[[ Material provided open ]]

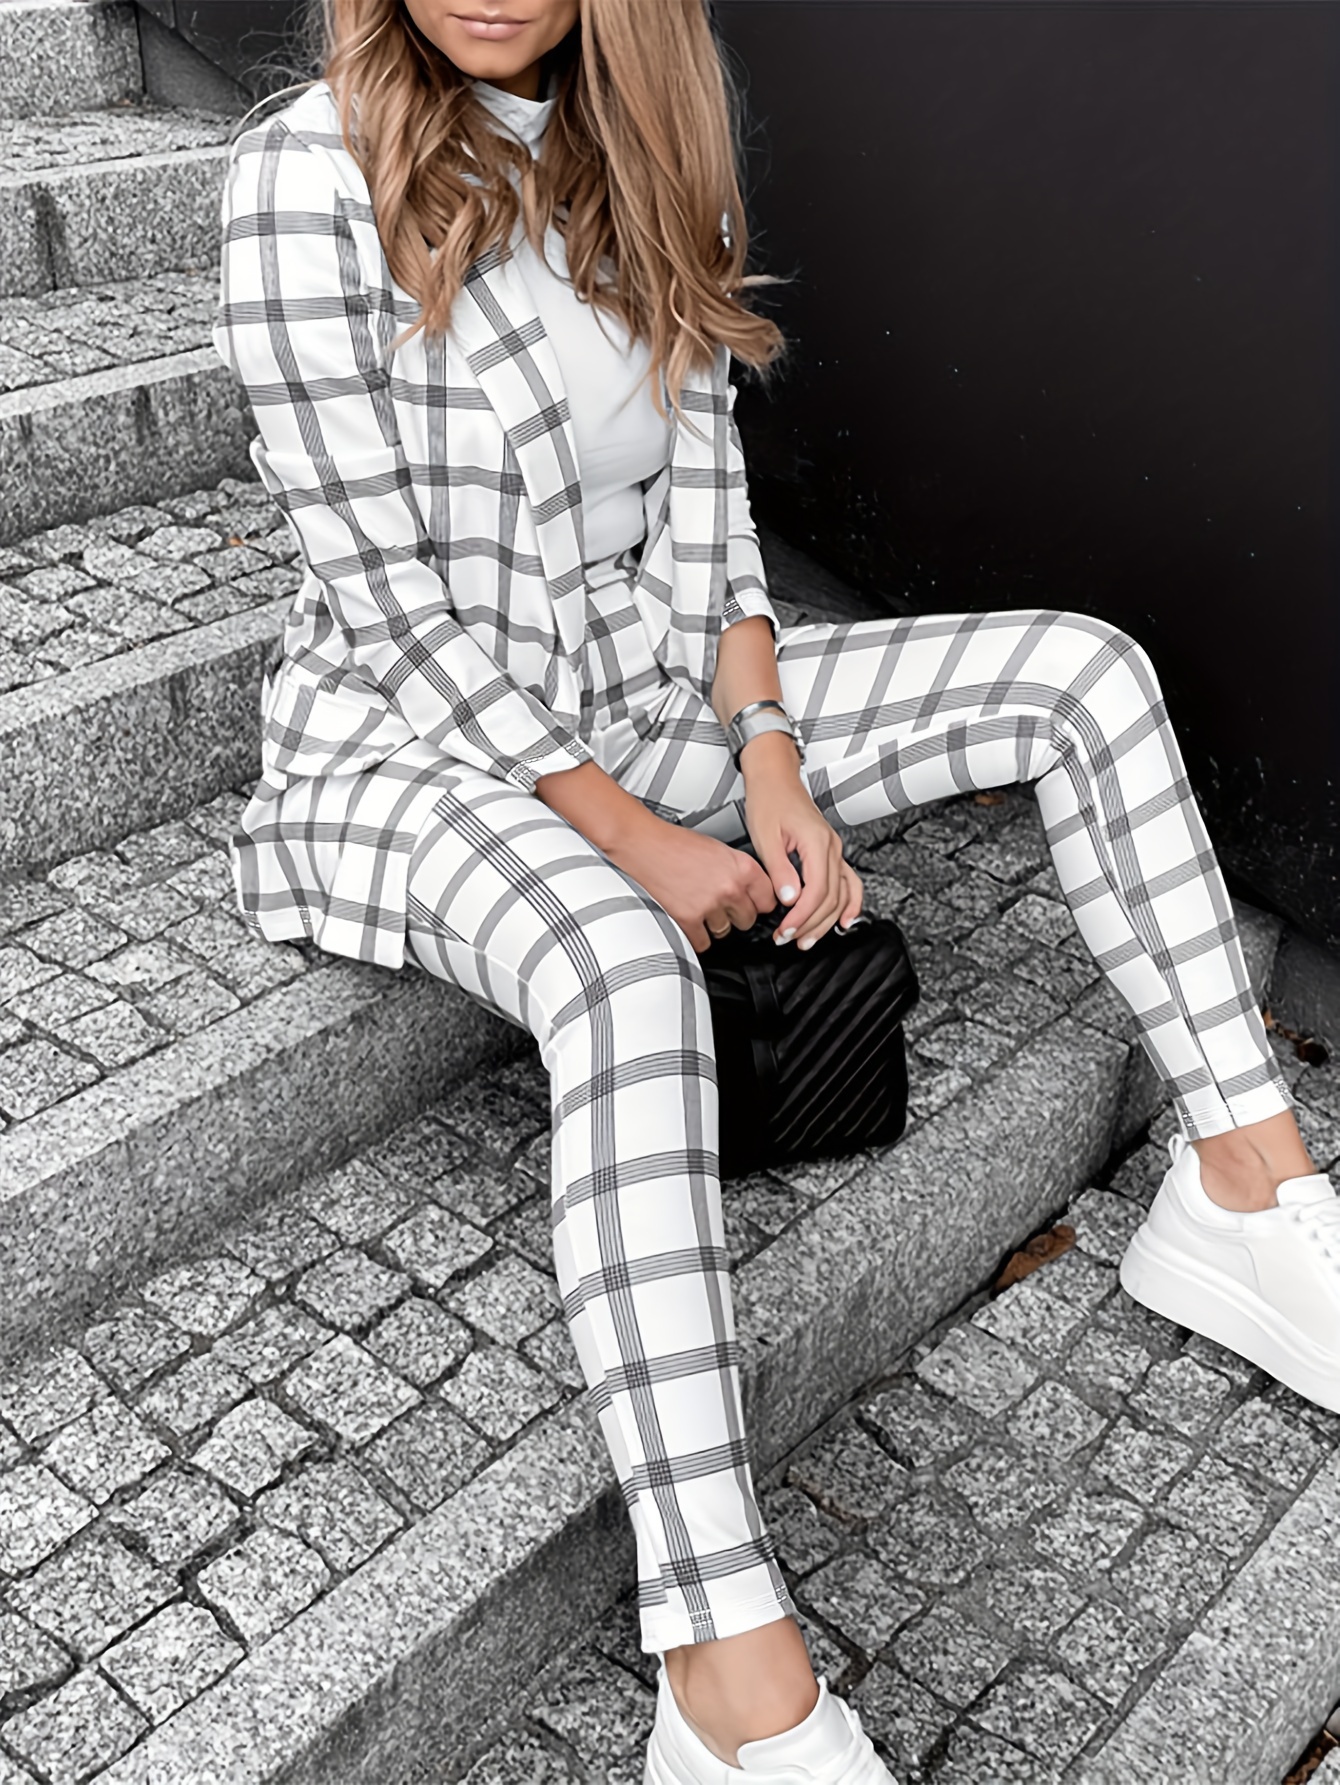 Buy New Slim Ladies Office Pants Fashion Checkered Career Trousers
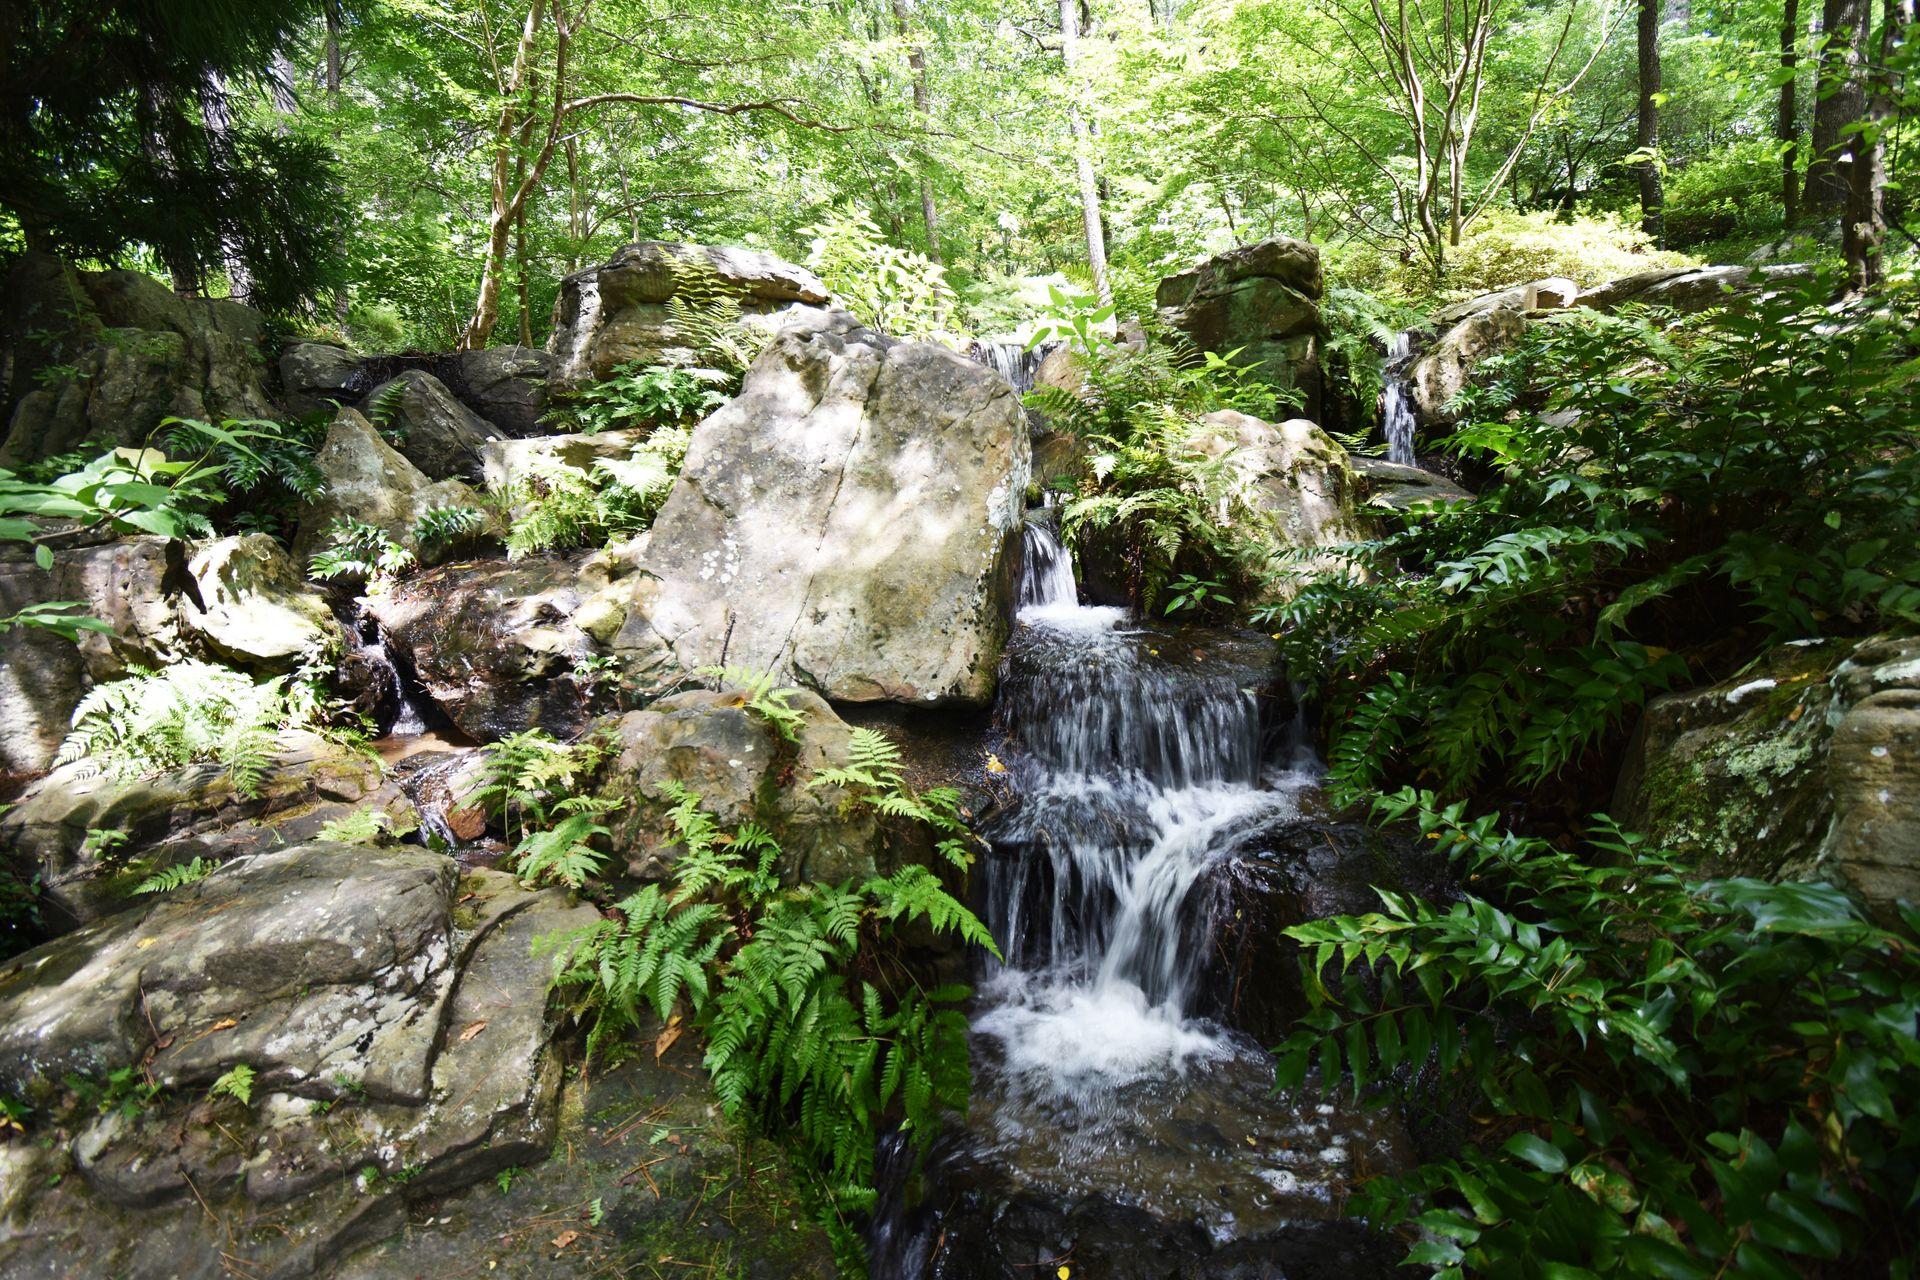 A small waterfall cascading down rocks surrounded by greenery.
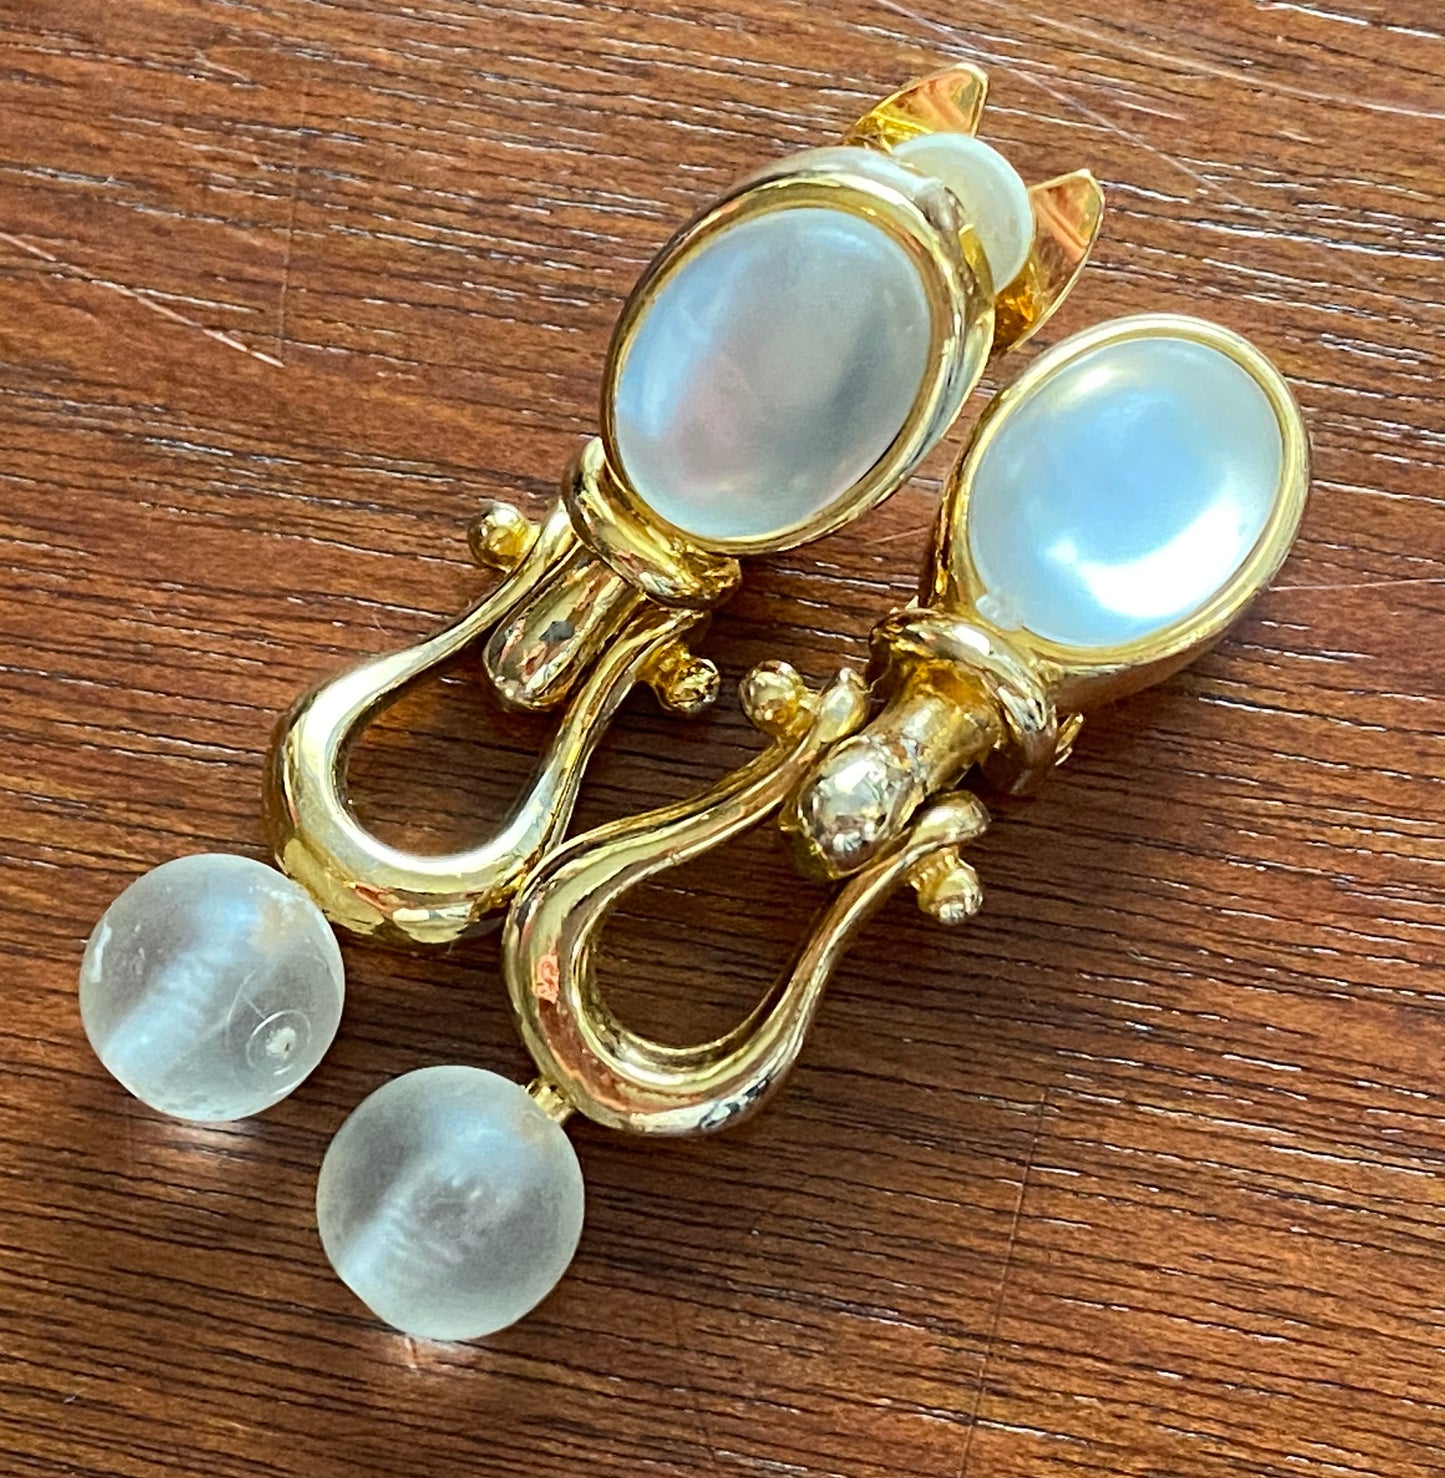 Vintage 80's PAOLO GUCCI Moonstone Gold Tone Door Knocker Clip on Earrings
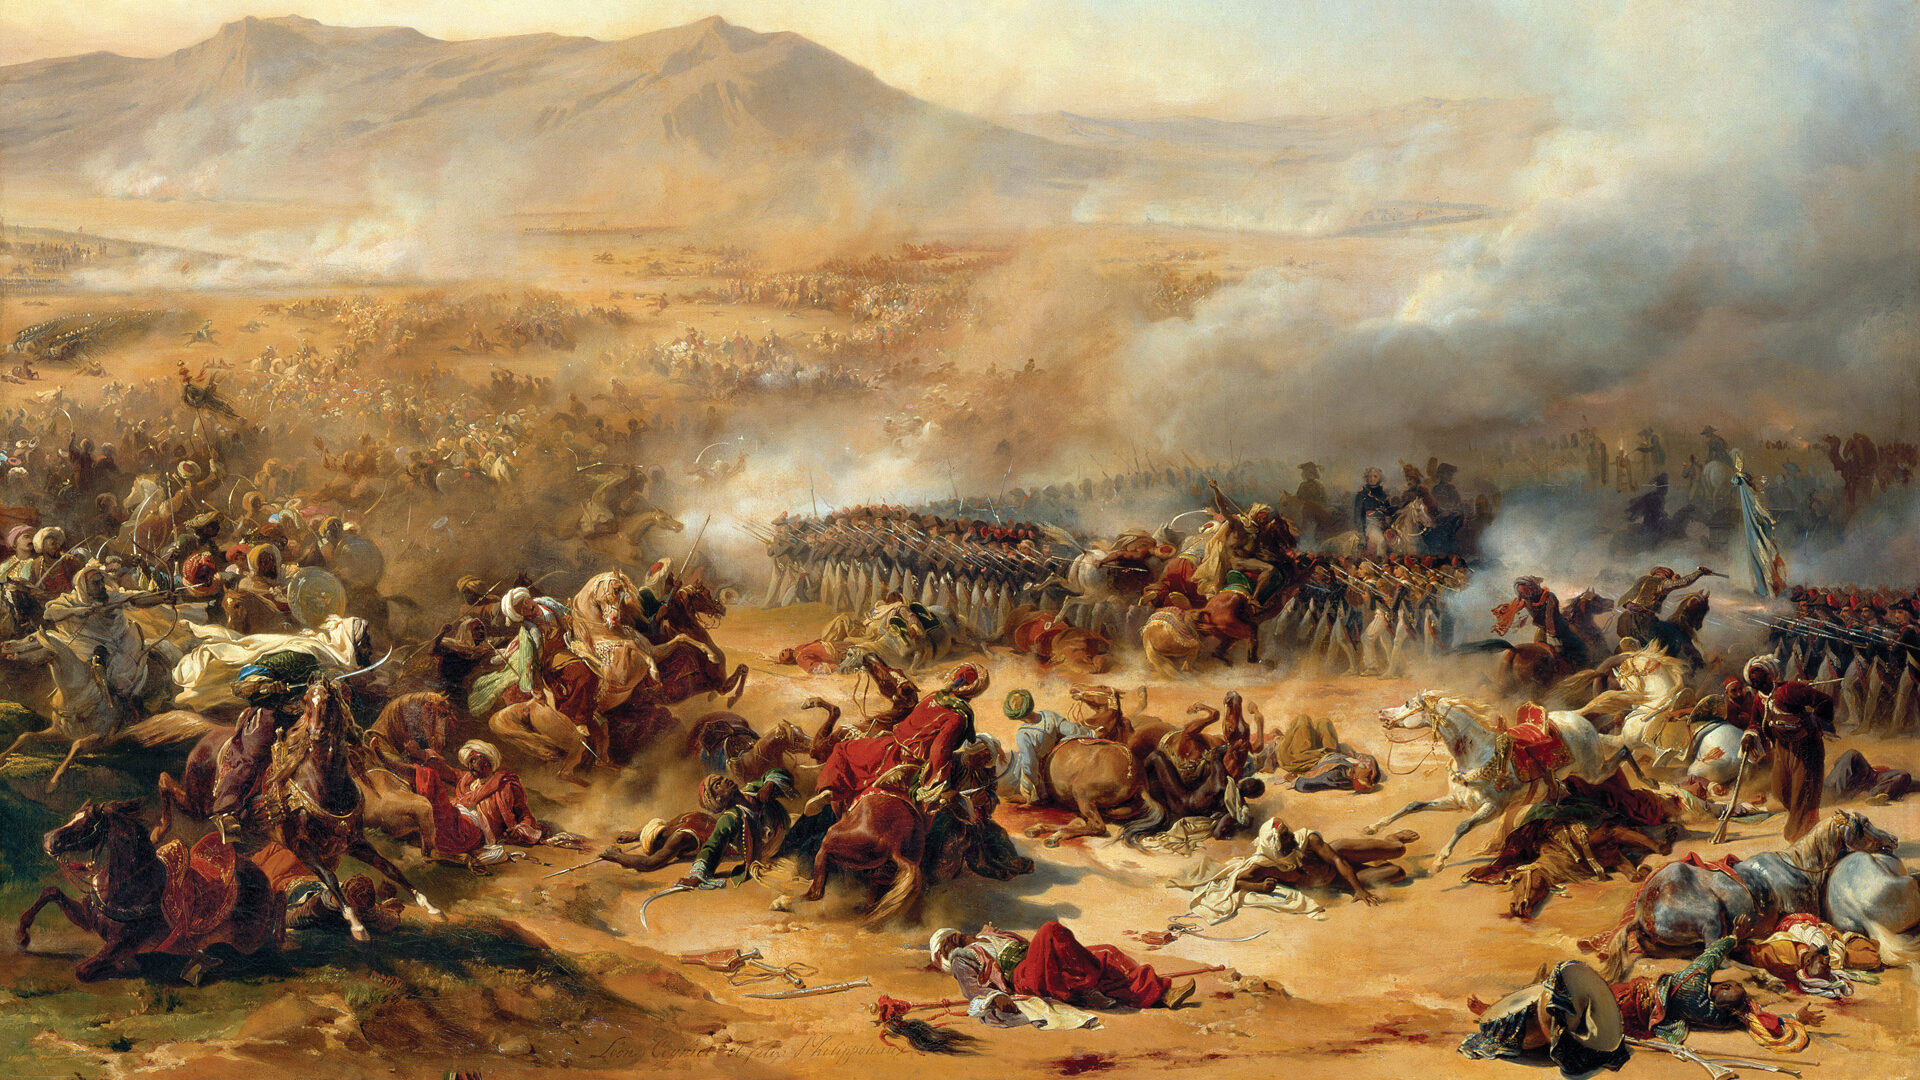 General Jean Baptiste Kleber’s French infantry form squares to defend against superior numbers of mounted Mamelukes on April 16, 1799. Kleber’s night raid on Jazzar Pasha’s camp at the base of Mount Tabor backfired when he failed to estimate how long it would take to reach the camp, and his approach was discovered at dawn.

[[ Material provided closed ]]

* **The problem**
Line by line, restate the data above exactly as it stands, minus the pictures.

* **Written answer**
 Buy New Slim Ladies Office Pants Fashion Checkered Career Trousers
 A small waterfall cascading down rocks surrounded by greenery.
 Vintage 80's PAOLO GUCCI Moonstone Gold Tone Door Knocker Clip on Earrings
 General Jean Baptiste Kleber’s French infantry form squares to defend against superior numbers of mounted Mamelukes on April 16, 1799. Kleber’s night raid on Jazzar Pasha’s camp at the base of Mount Tabor backfired when he failed to estimate how long it would take to reach the camp, and his approach was discovered at dawn.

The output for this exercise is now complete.